Plant-based foods contain sterols and sterols, which are similar to cholesterol in animal foods. However, they have a different effect. Sterols prevent food cholesterol from entering the bloodstream. As a result, the body uses more of its own cholesterol, which lowers LDL levels.

Sterols are found in abundance in nuts, seeds and vegetable oils. Margarine, dairy products and soy milk are now also enriched with sterols. However, you should not rely exclusively on these products when on a low cholesterol diet. Sterols can interfere with the absorption of vitamins, so avoid consuming too much of them.[29]

The European Food Safety Agency recommends a maximum intake of 2.4 grammes of plant sterols per day. As little as 100 grammes of fruit can provide you with sufficient amounts of sterol.[1] 

Are you on a vegan diet? Head over to our blog article to discover more about the benefits of a vegan diet and which nutrients you need to incorporate into your diet as a vegan.

Does niacin really lower cholesterol?

Like vitamin B12, niacin belongs to the group of B vitamins. Research has shown that niacin supplements can increase HDL cholesterol by up to 30 per cent. However, you should only take these supplements after consulting with a doctor.

Ways to lower cholesterol with turmeric infographic

Can I check my cholesterol at home?

A cholesterol test provides you with clarity about your cholesterol levels. This can be useful if you belong to one of the risk groups, such as an elderly man or a woman going through menopause, if you smoke or are overweight. A visit to your family doctor or an at-home health test ordered online from various health retailers can measure your total cholesterol, LDL and HDL levels.

Additionally, triglyceride levels are often examined. Triglycerides are fat molecules that are absorbed through your diet.

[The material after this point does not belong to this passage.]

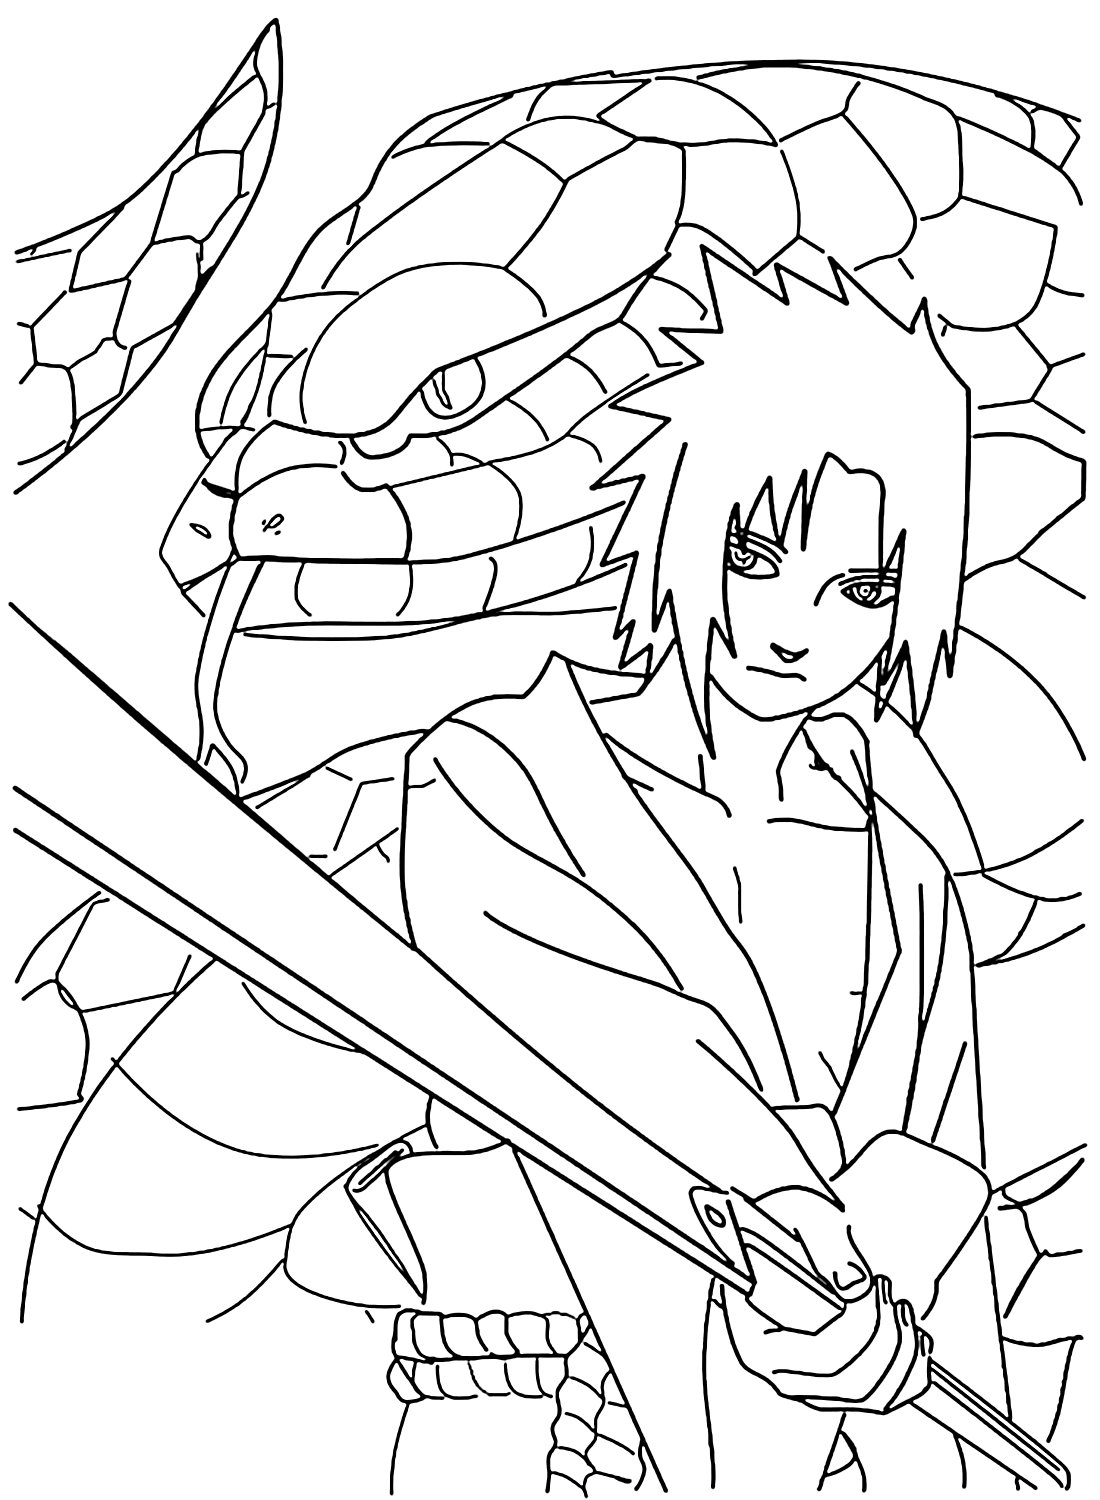 Sasuke and Snake Coloring Pictures from Sasuke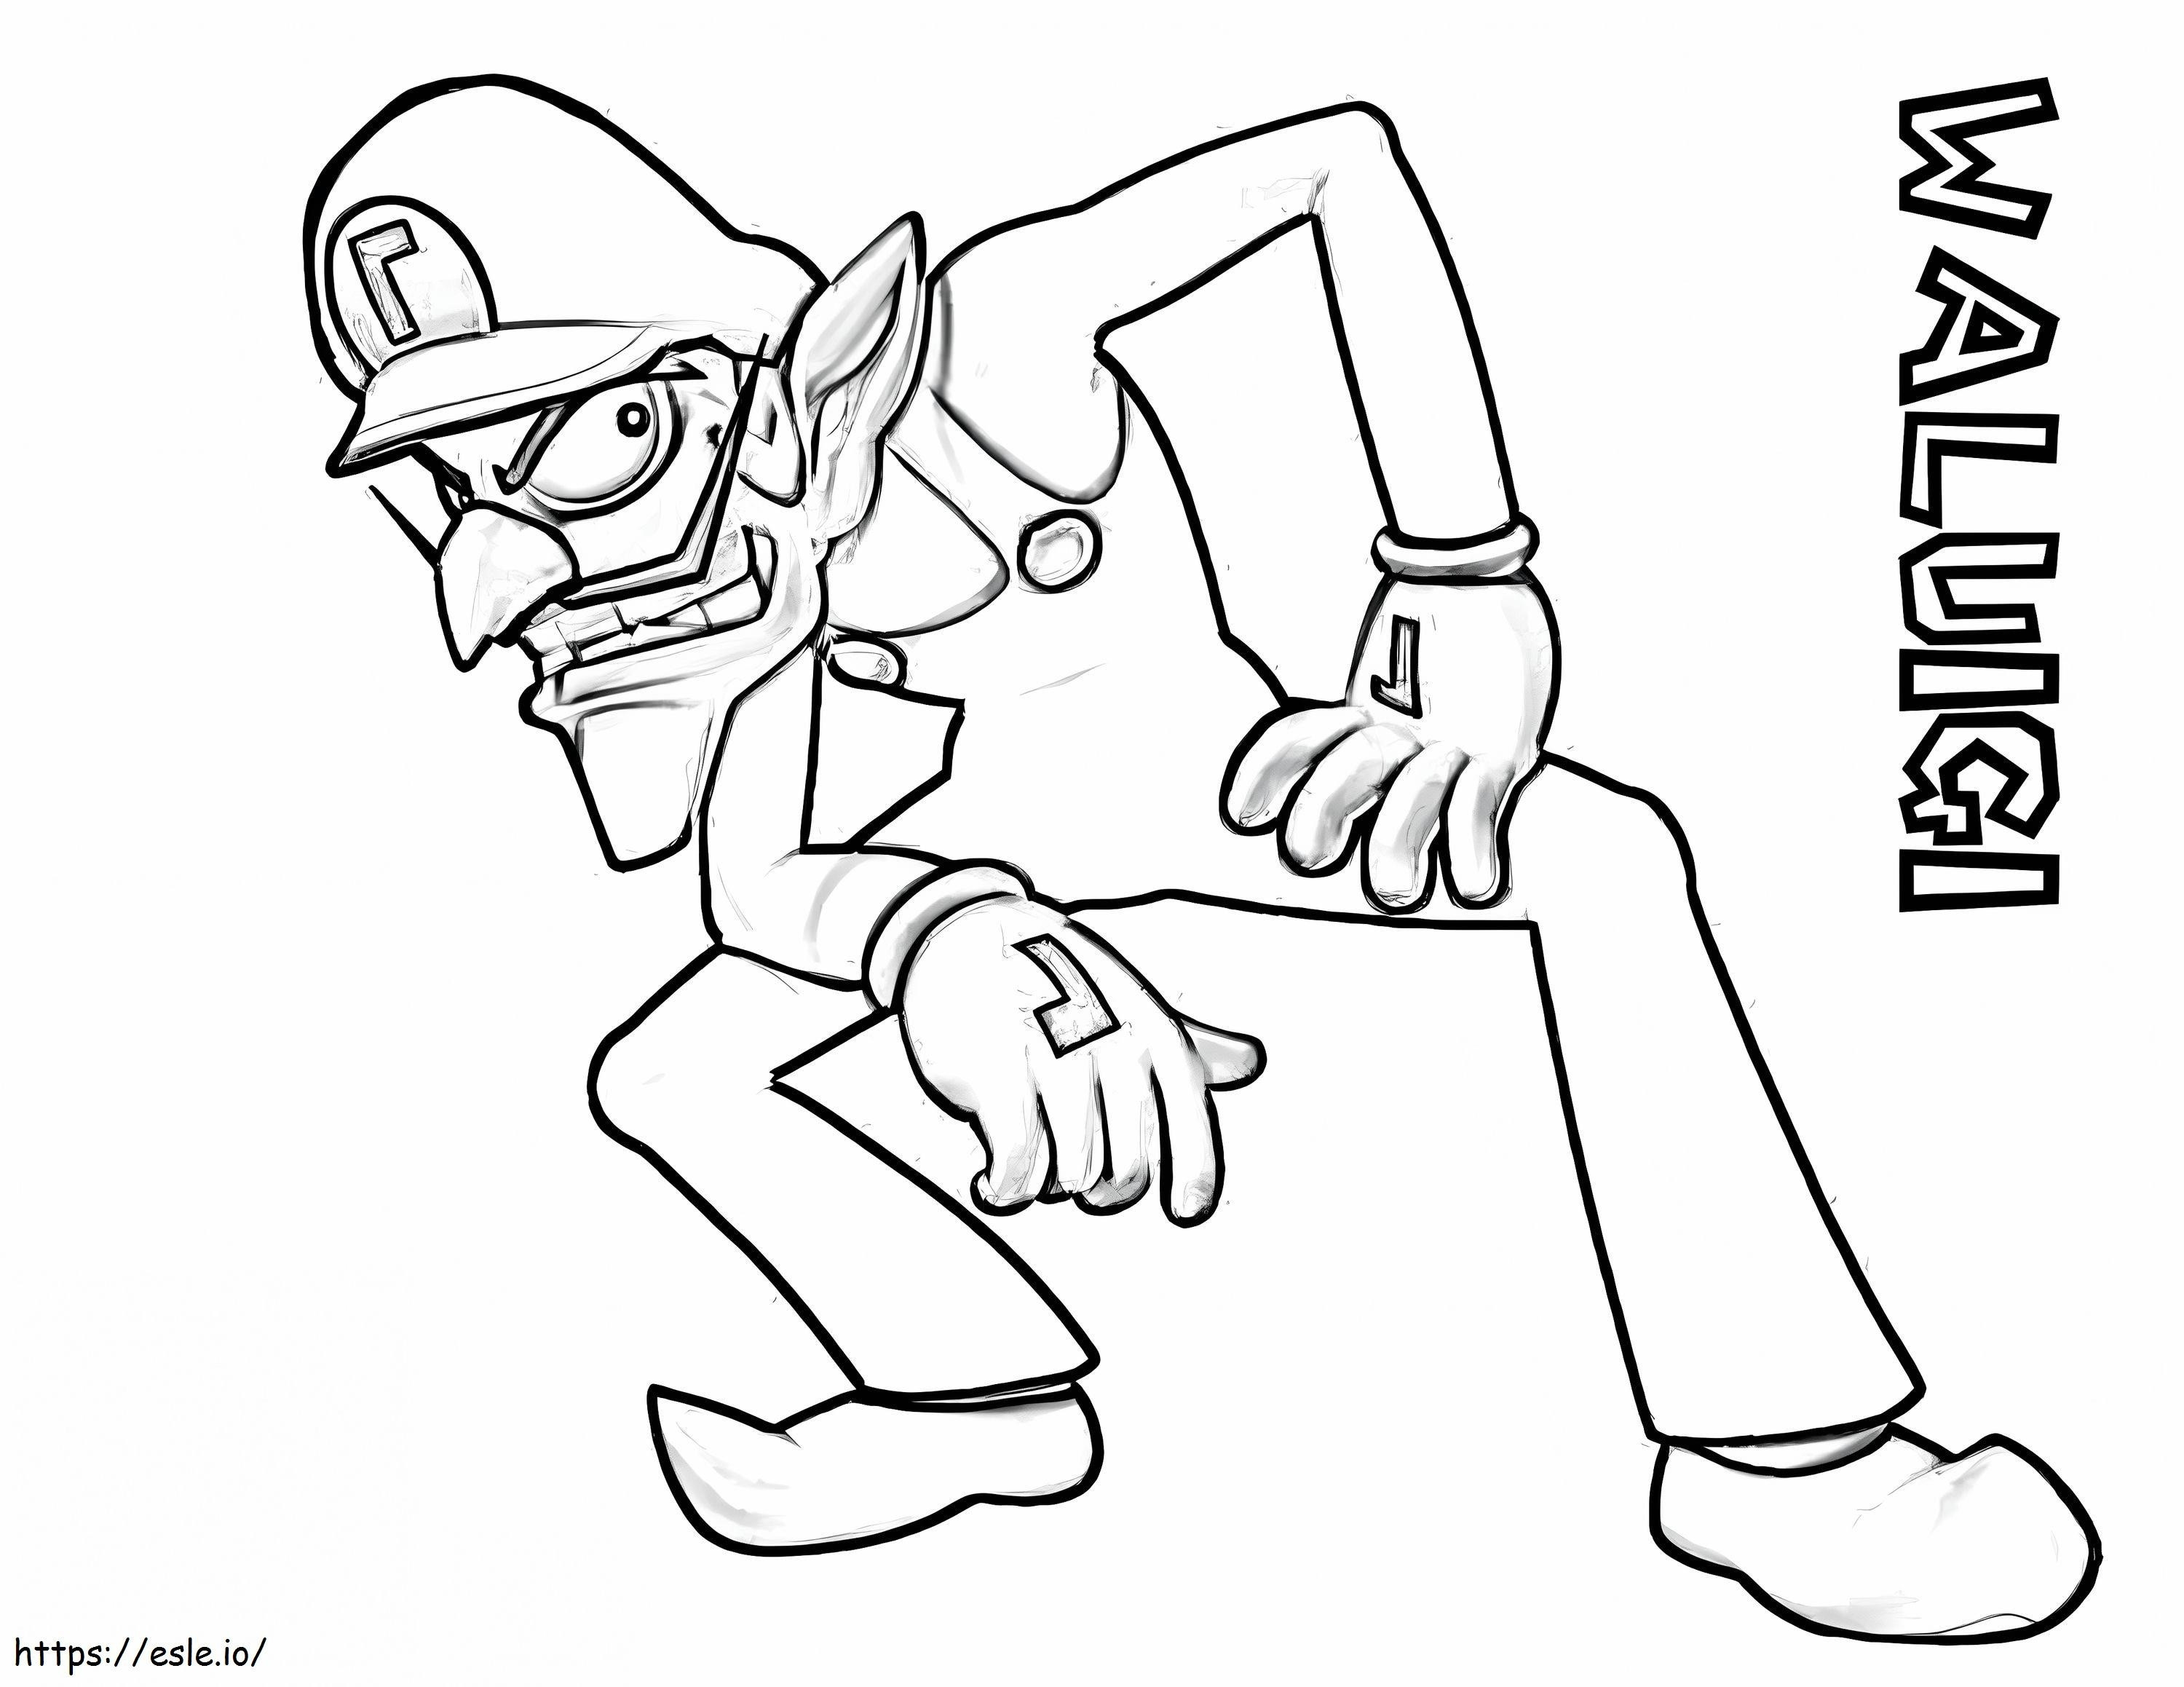 Waluigi From Super Mario 1 coloring page

Elevated triglyceride levels are associated with elevated cholesterol levels and a high risk of developing cardiovascular disease.

For a conclusive result, a cholesterol test should always be performed on an empty stomach. It is best if you have not eaten for twelve hours before collecting the blood sample.[2]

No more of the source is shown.